Though admitting that, in light of the recent archaeological trend, the excavation on relics of Sam-gama (a sort of kiln steaming the hemp) is increasingly reported, little efforts by far have been made not only to restore its traditional structure design but also to research hardly the change of hemp-steaming technologies in ages. In this regard, this paper shows the exploration of structural method and design as well as operability with regard to Sam-gut, traditional hemp-processing equipment that was recently reconstructed in Jungsun, Kangwon Province. Samgut, generally positioned at the waterside area, is an traditional device for steaming hemp to get bast fibers from the raw material of hemp, principally consisting of HWA-JIP(fire-place) to obtain steams by feeding fire ad Mong-got(boiling chamber) to make the hemp steamed after stacking. More specifically, thick round-logs were piled at the bottom of Hwajip prior to stacking stones around its circumferential area. When the timber positioned below gets burned with high temperature to heat stones existing in the upper side, waters then poured onto it after laying a bundle of grass and soil up to the boiled stones. If so, there generates hot vapor, which is conveyed to Monggot to steam the hemp.
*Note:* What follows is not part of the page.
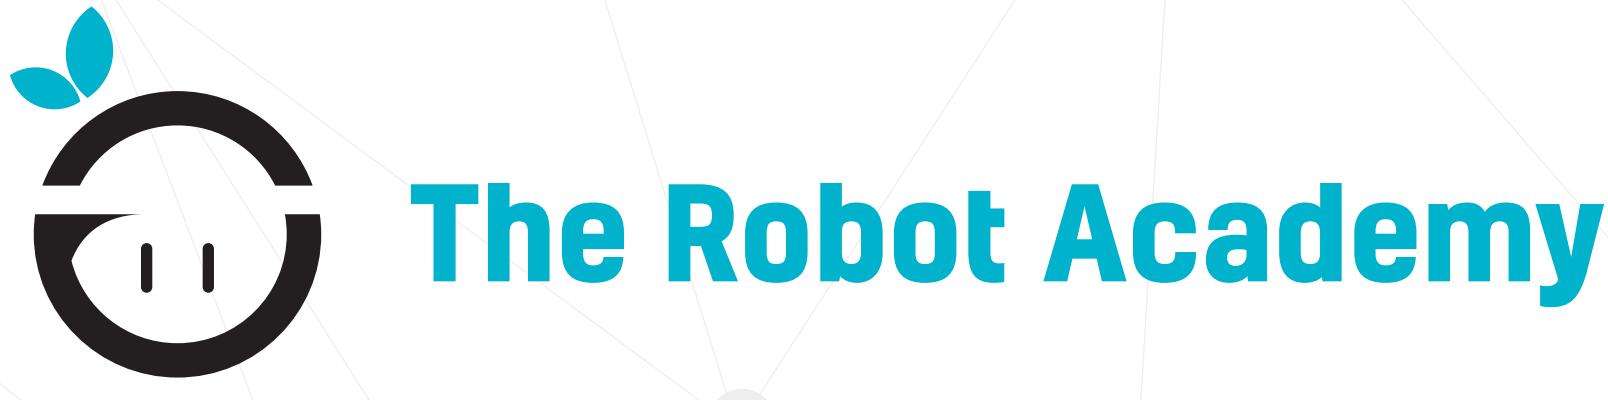 Logotipo The Robot Academy El Cubo Andalucía Open Future

Functionally, it is of outstanding importance that Samgut is capable of producing high-temperature water vapors instantaneously under the intensive manpower, thus being constructed achievable for those purposes. The Samgut made by digging the ground is an instant facility that is closed after use. The remains, which were used to generate higher thermal power for steaming hemp, make it hard to excavate the historic traits because there left little vestiges in the soil, which means keen attention must be paid to find out the trace of Smgama relics. Future research stall be focused on collection of broader data regarding Samgut including technological review in extracting bas fibers from the hemp.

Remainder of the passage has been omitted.